For reference, OW1 made around $1billion in its first year. But that money tailed off very quickly once lootbox sales died off a cliff and accounts were being sold in sales for for less than $10. It was making less than $40m in its last year, possibly less than $20m, but they aren’t very open with that. Just that it was with the group of games that made only 10% of its revenue.
So yes, OW2 made “less” in the first year. But, the test will be can it keep up similar revenues year on year.
This isn’t true. It is 50m total accounts that was a “landmark” reach in the last few days.
There is about 20k average on Steam (such a tiny % of people use that), and around 360k players playing within the last hour. 26m active accounts in the last 30 days. Game is up about 40% since launch.
Unironically ActiBlizz suits looking to collect fat bonuses before the Microsoft buyout went through. I’m not sure why anyone believed otherwise but OW2 was a salvage project that exists purely as a short term injection into the company. It was never intended to be a timeless beloved title or nearly as successful as the first game once was. As long as OW2 brought in decent money for year one, then it did its job. Hence why they also killed OW1 so that it could not cannibalize their own sales by simply being better in almost every way.

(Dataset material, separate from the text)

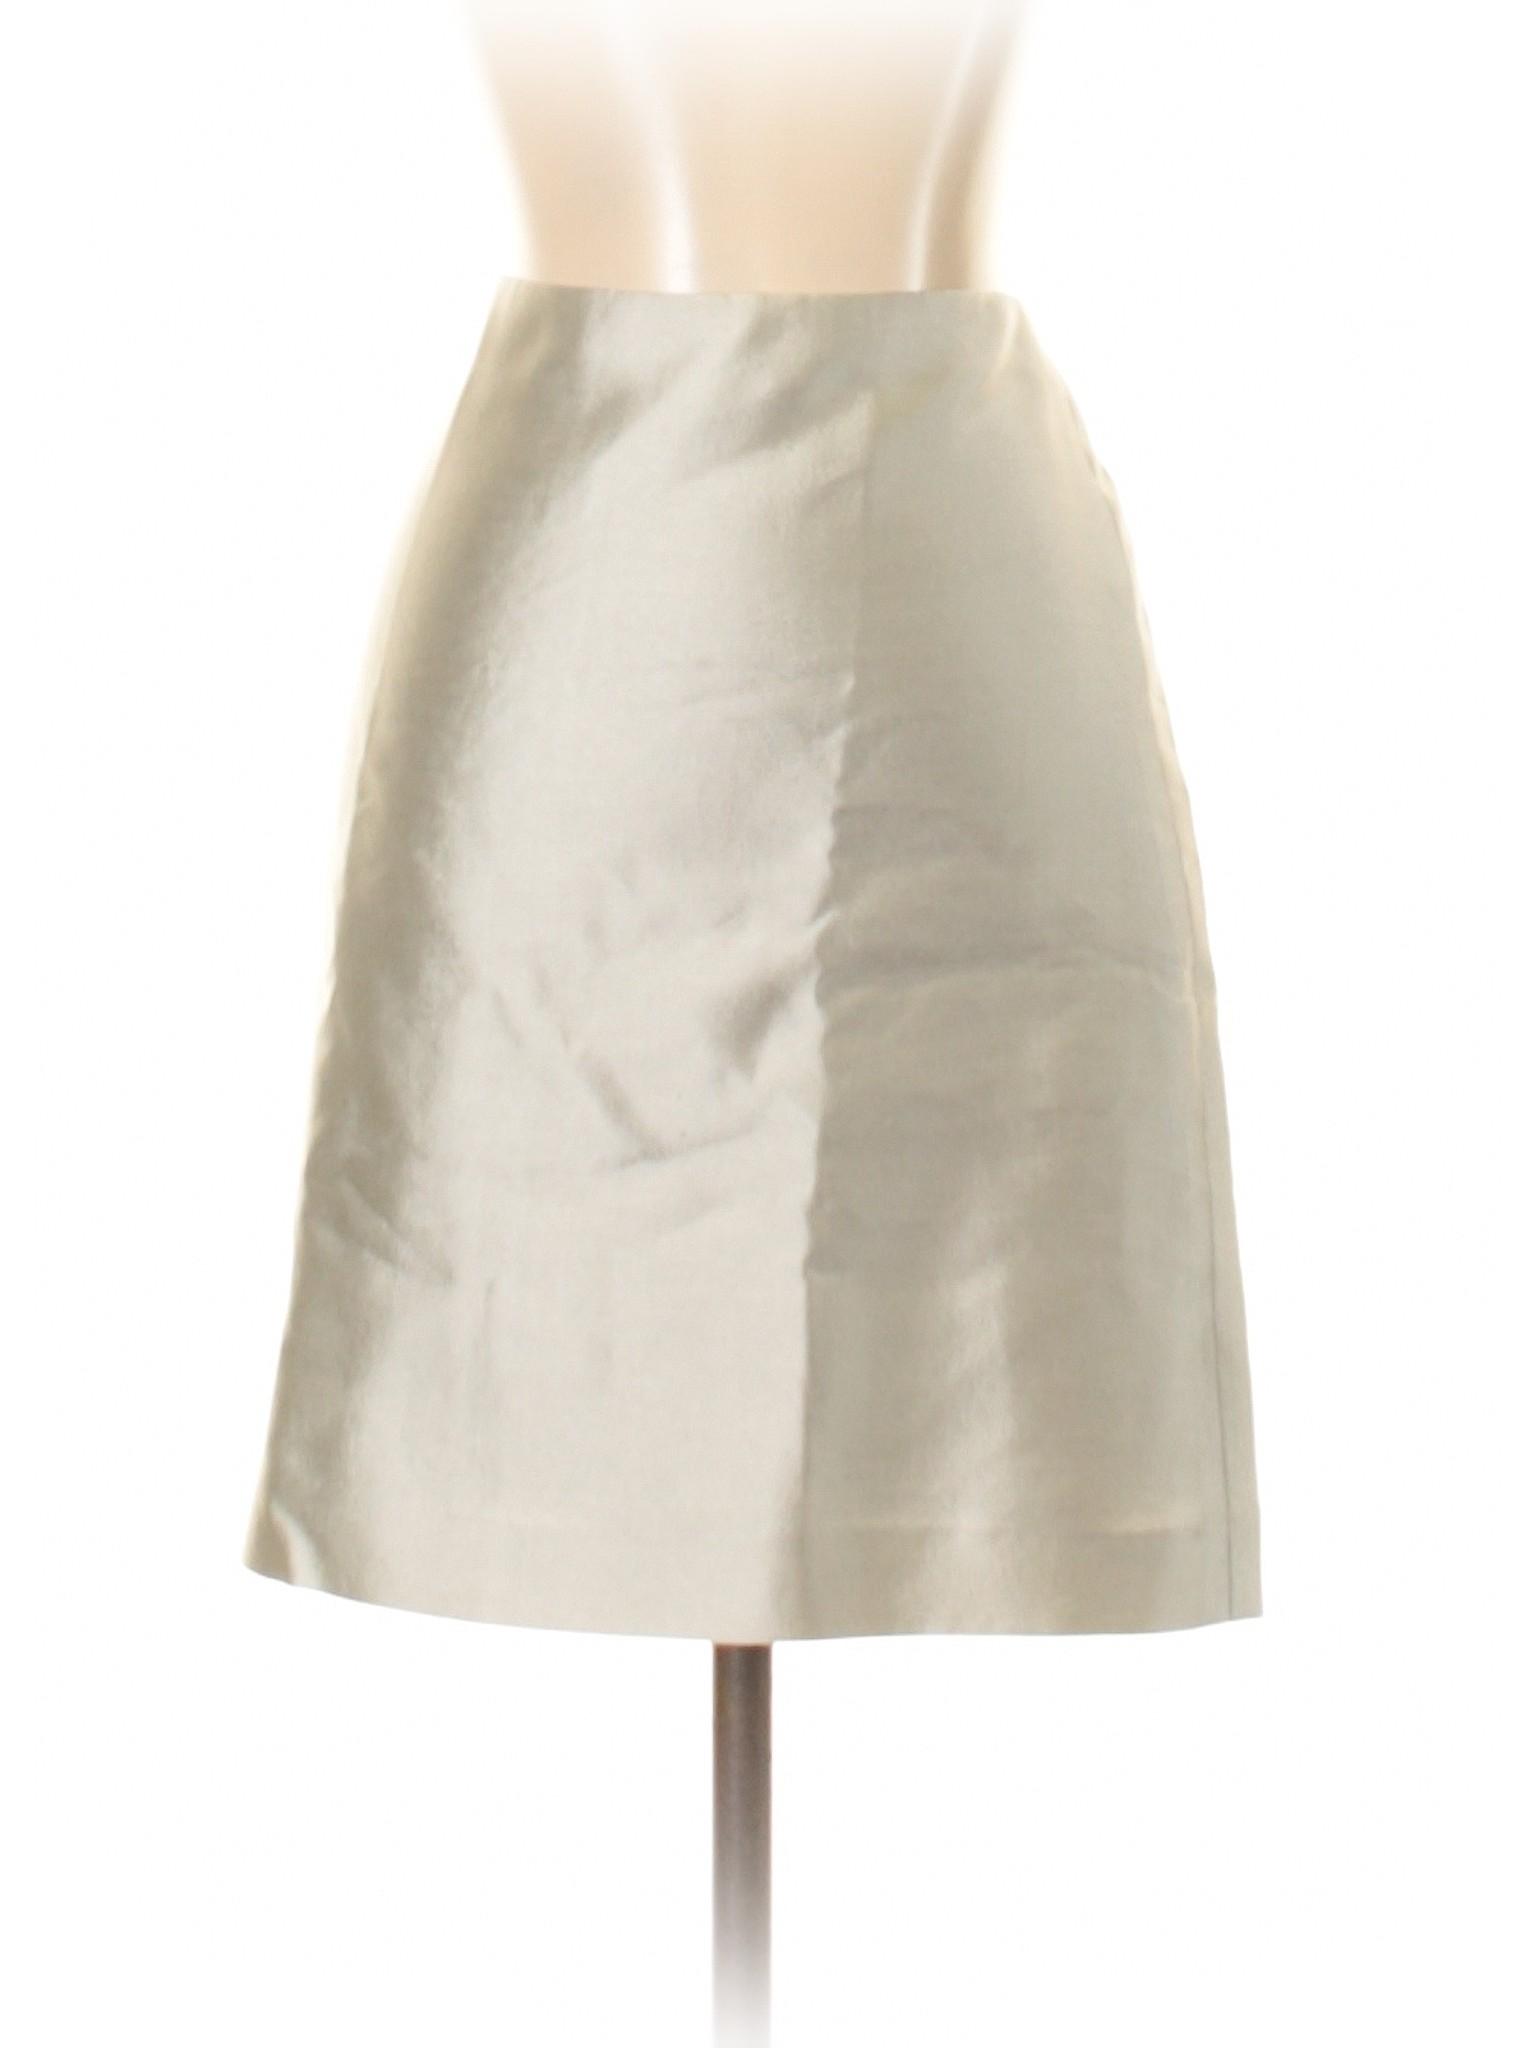 Skirt leisure Wool J Boutique Crew 61ROwpqw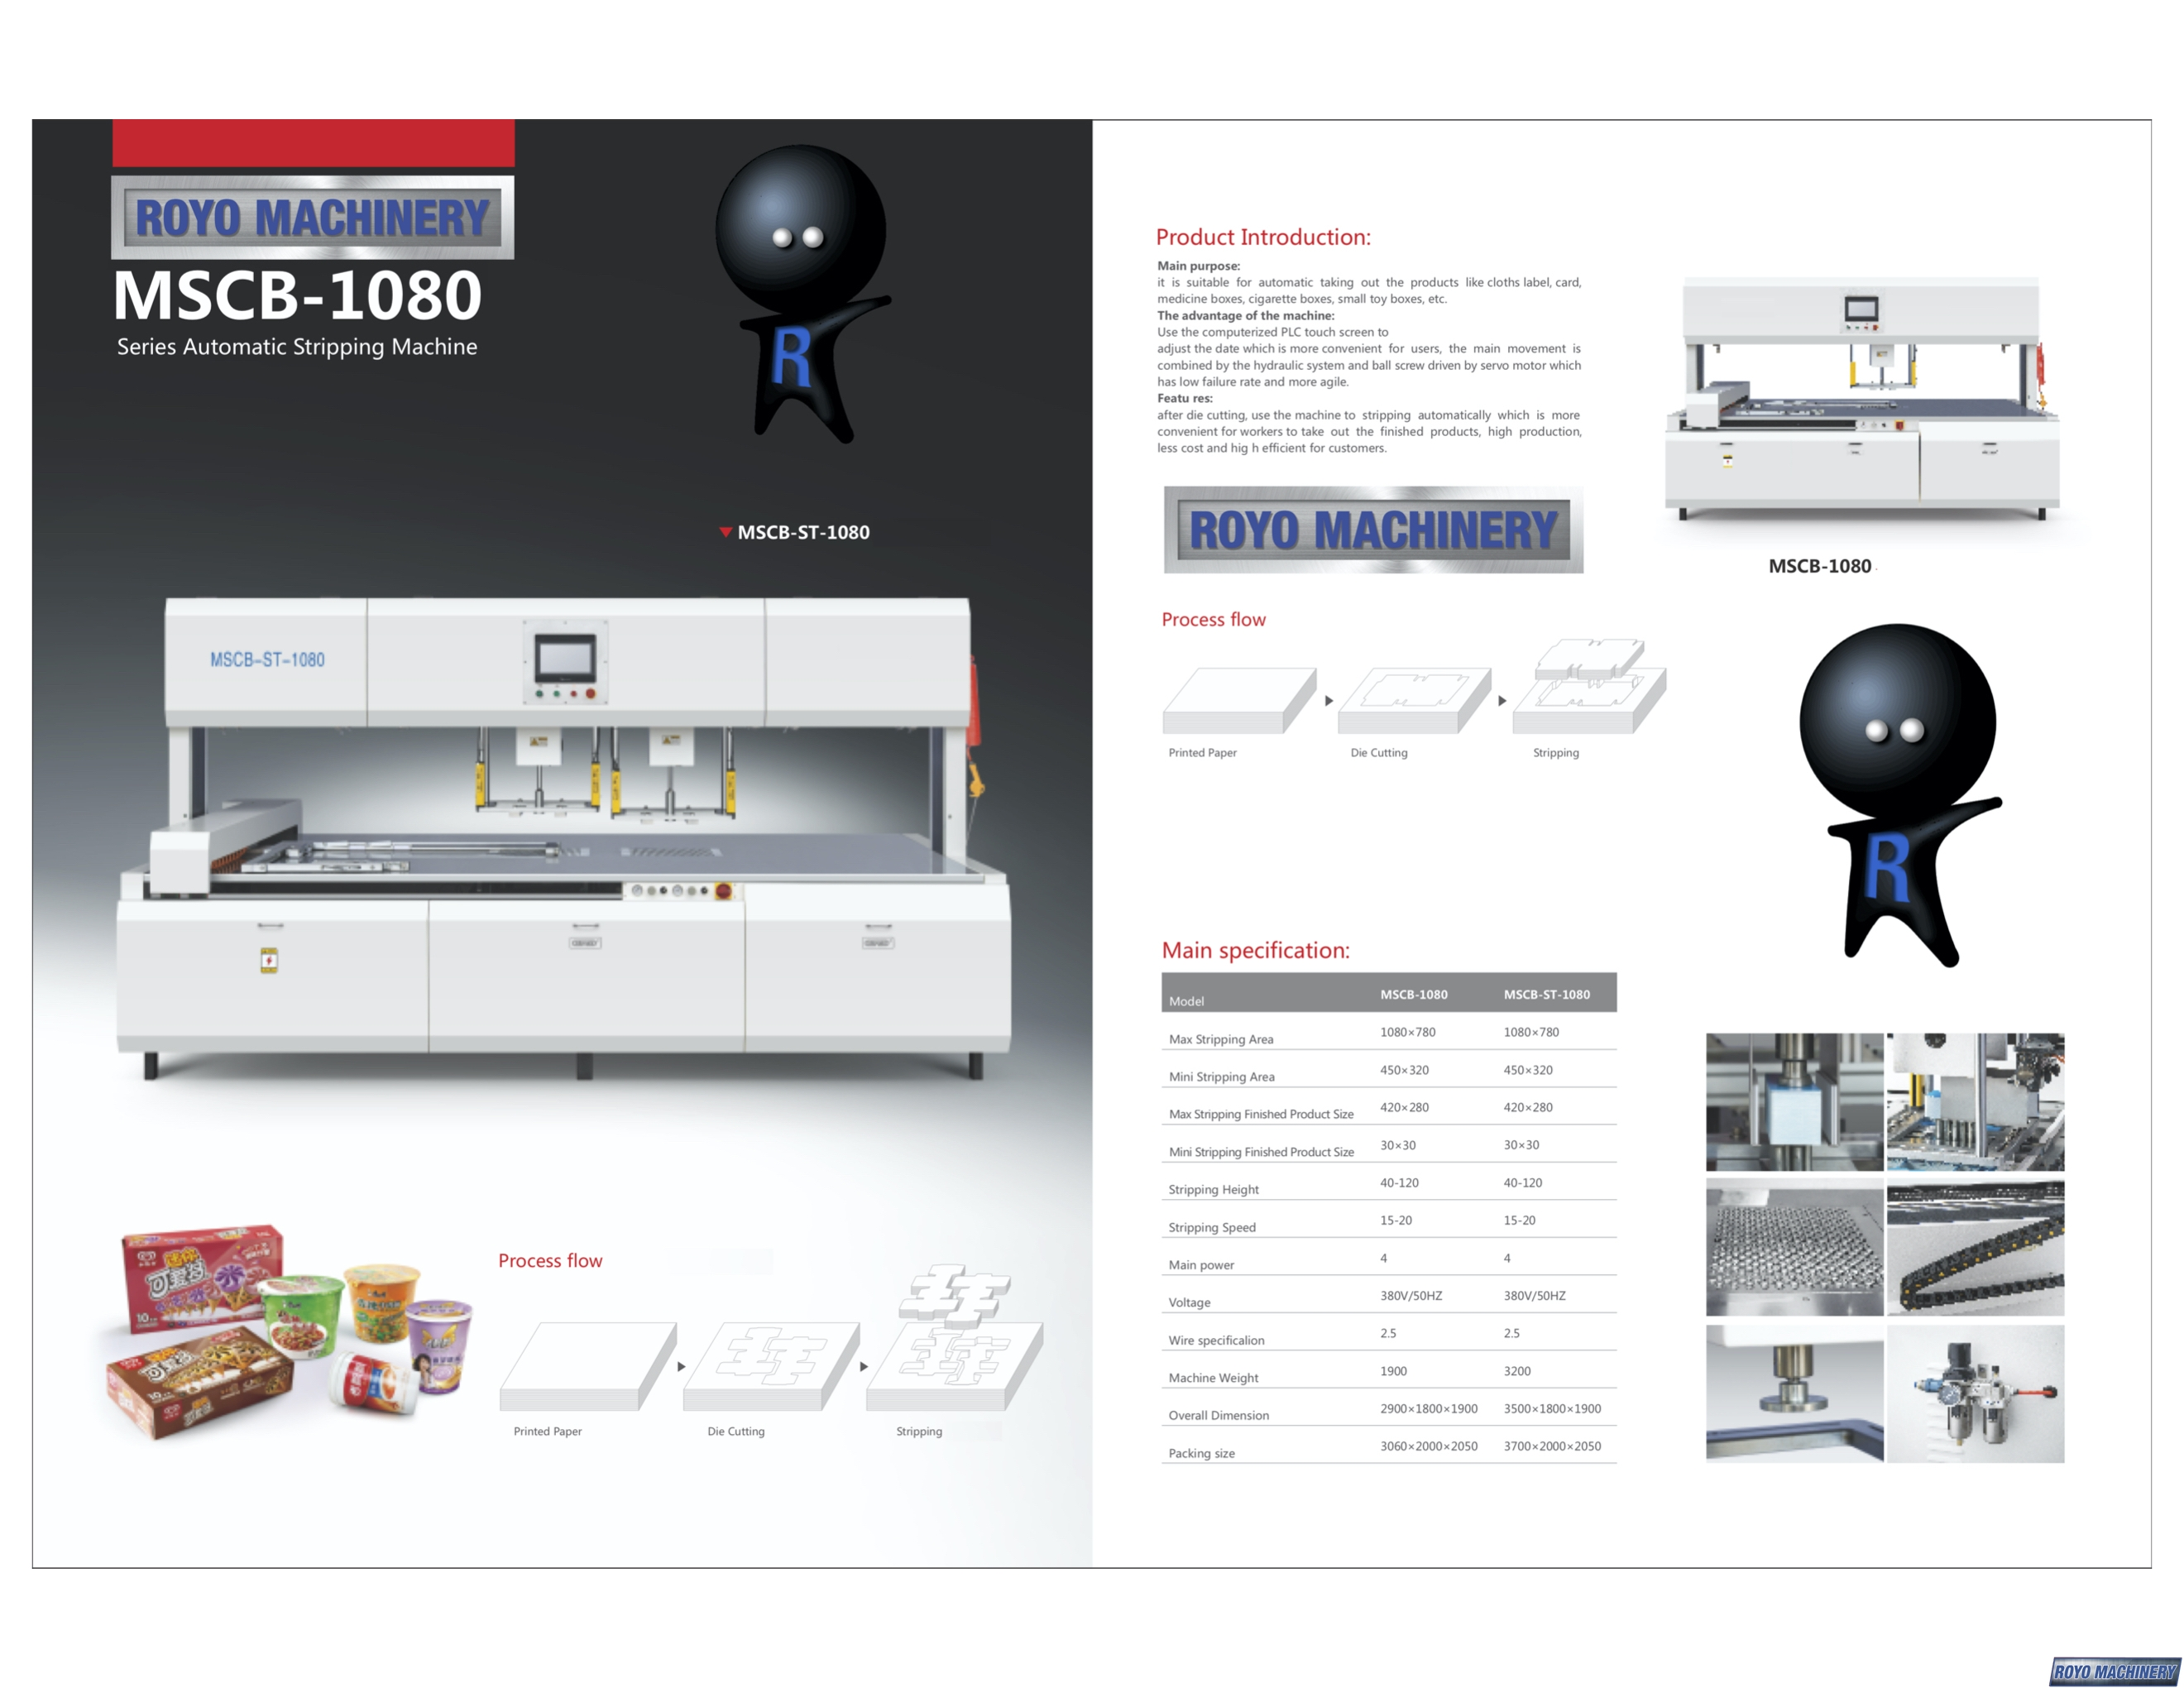 Royo Machinery RMSCB-1300

This is what the $225 million this thread is taking about is from? It’s just this guy’s LinkedIn summary. Even though he seems to be strictly talking launch period Overwatch 2, there is no context, dates or time periods to put to that figure.
Then their are accounts that just dont stay active every season.
Most of their money comes from a hand full of “Whales” or people with loads of expendable money. And usually not a lot of time to spend in game.
So they will not only buy store skins, but will also dump like $200+ to skip the battle pass.
On another note, any copy of overwatch sold on consoles would have a 30% cut taken from the digital and physical sales from the store their sold from.
While Physical copies get have to put up the $5~7ish dollars or so for the physical printing and shipping of the product. (this various tho greatly, and is just a rough estimate)
So blizz wasn’t making as much money off of a large chunk of those games.
Be it the PC pre steam release versions of the game do in fact get all the full $40 dollars.
look, its not complicated: one time sales give you much money, all at once. a service bunisness model with microtransactions gives you less money all at once but more money over time. wooooooooooooooooaaaaaaaaaaaaaah right?